Exclude all pictures, and reproduce exactly the lines from the one containing "It can fit eight chairs." through the end of the records, with nothing else added.

Stored entries =
--- START ---
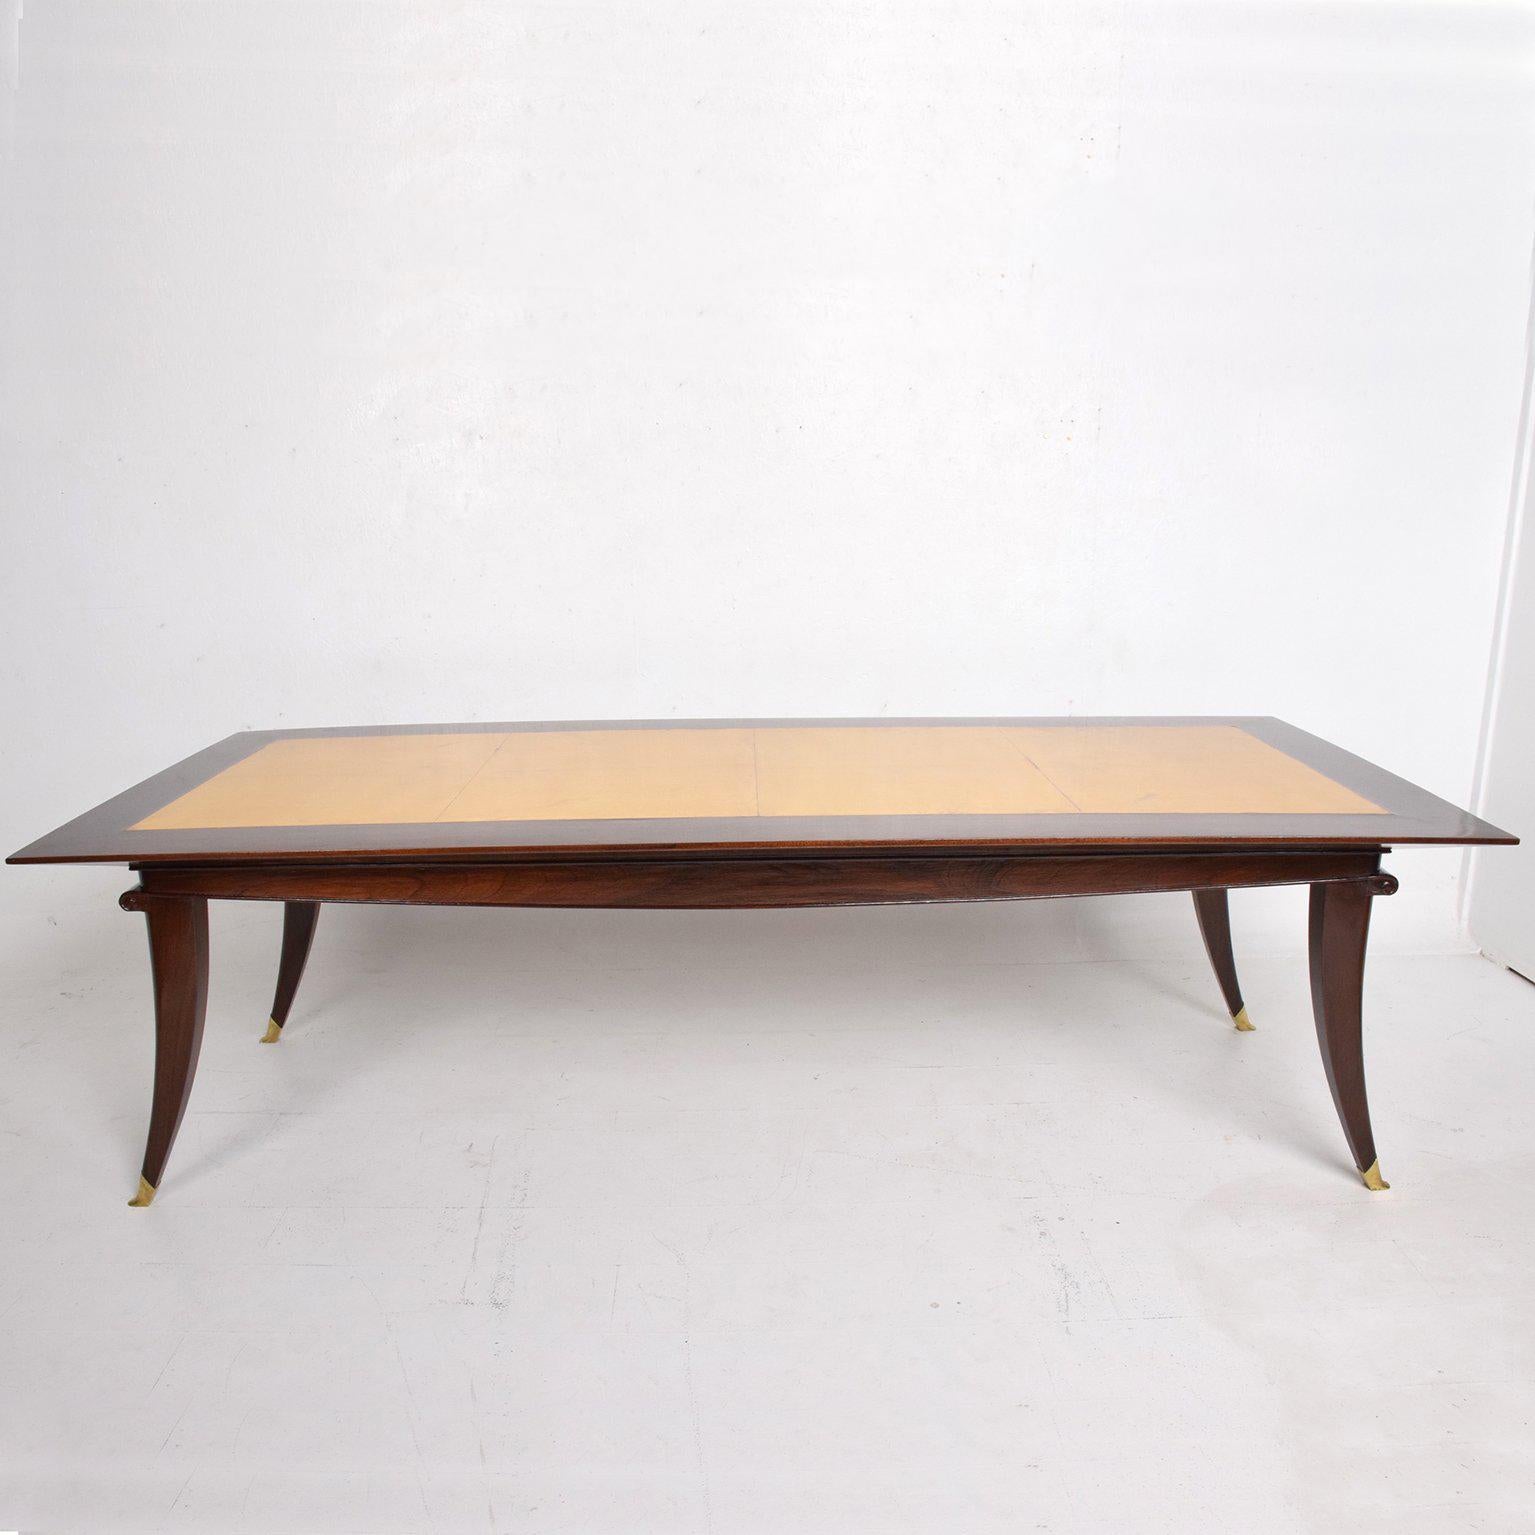 For your consideration a beautiful dining table in solid Mahogany wood with goatskin top and sculptural solid brass sabots.

Sculptural shape with tapered legs.
It can fit eight chairs.

Unmarked, no label or signature from the maker present.
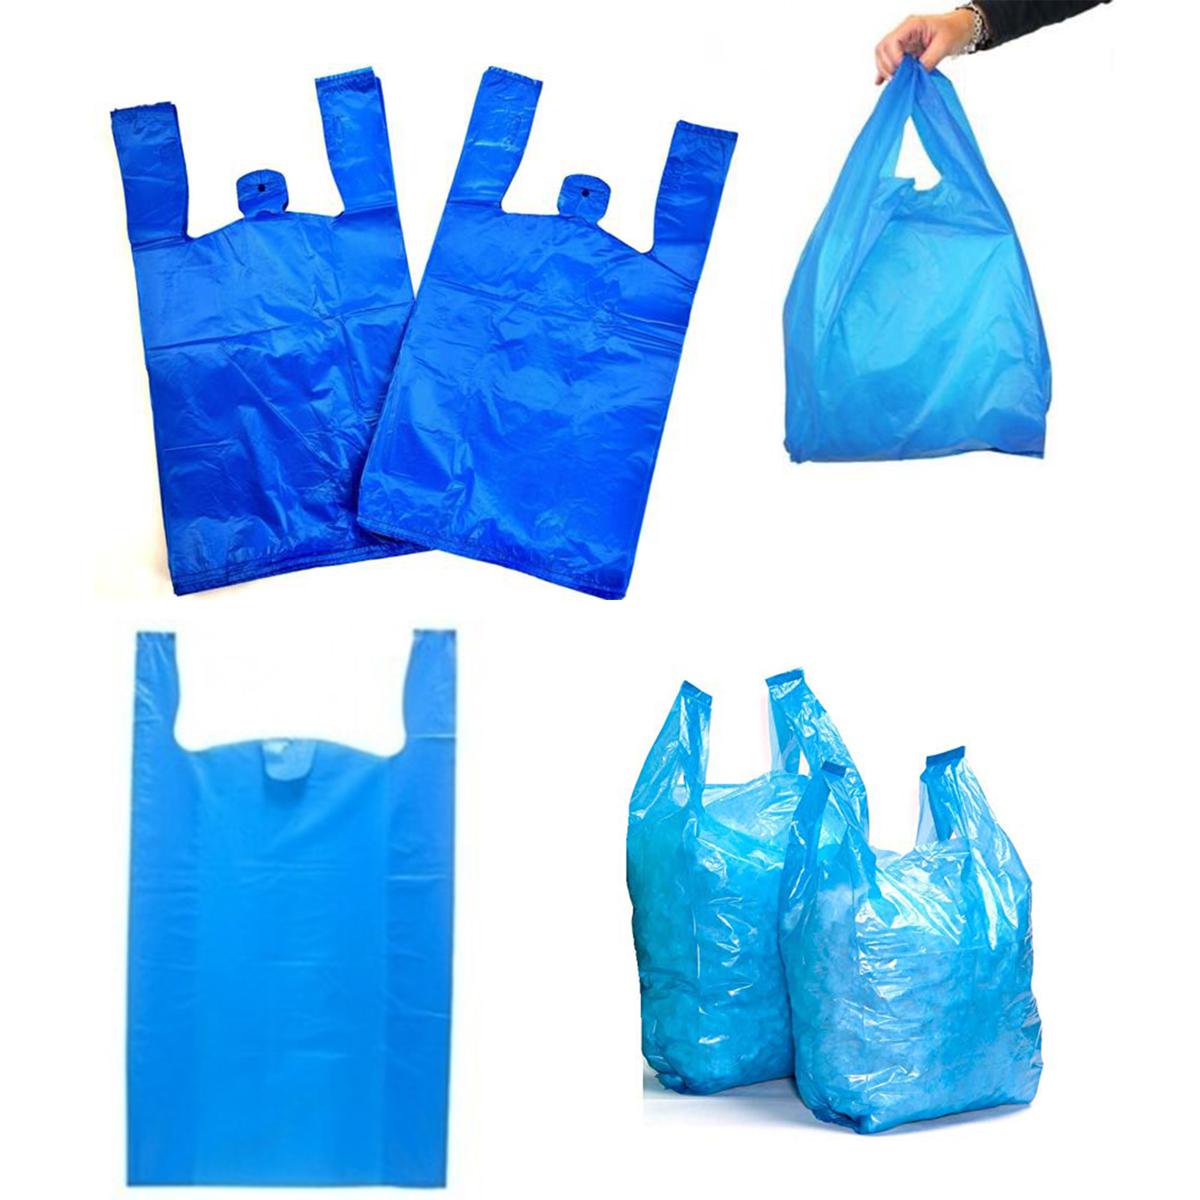 All Sizes 1 kg to 20 kg Bundle of 500-G- Plastic Shopping Bags
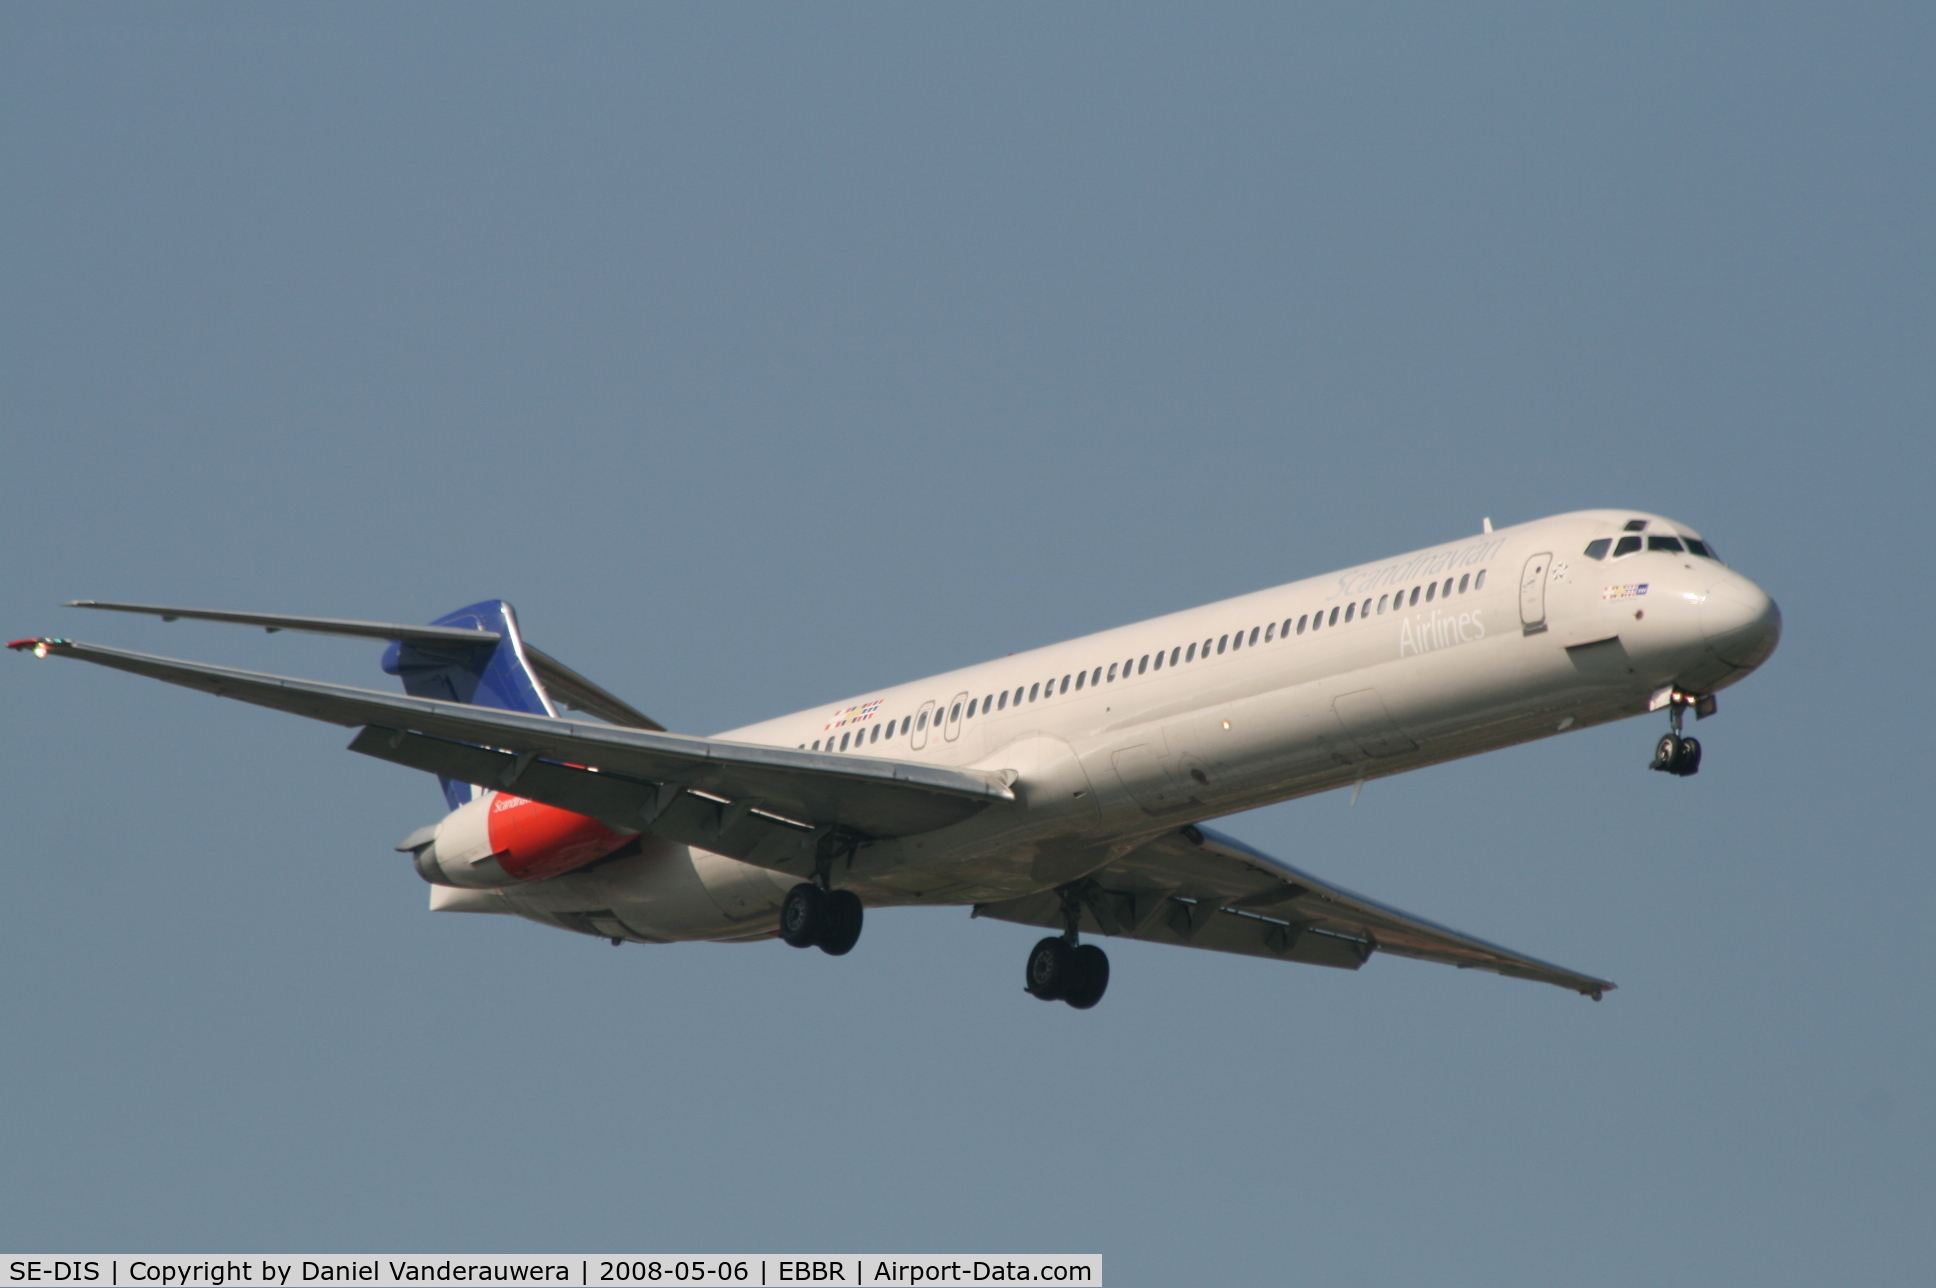 SE-DIS, 1991 McDonnell Douglas MD-81 (DC-9-81) C/N 53006, arrival of flight SK593 to rwy 02
--- END ---
Problem solution =
It can fit eight chairs.

Unmarked, no label or signature from the maker present.
 All Sizes 1 kg to 20 kg Bundle of 500-G- Plastic Shopping Bags
 SE-DIS, 1991 McDonnell Douglas MD-81 (DC-9-81) C/N 53006, arrival of flight SK593 to rwy 02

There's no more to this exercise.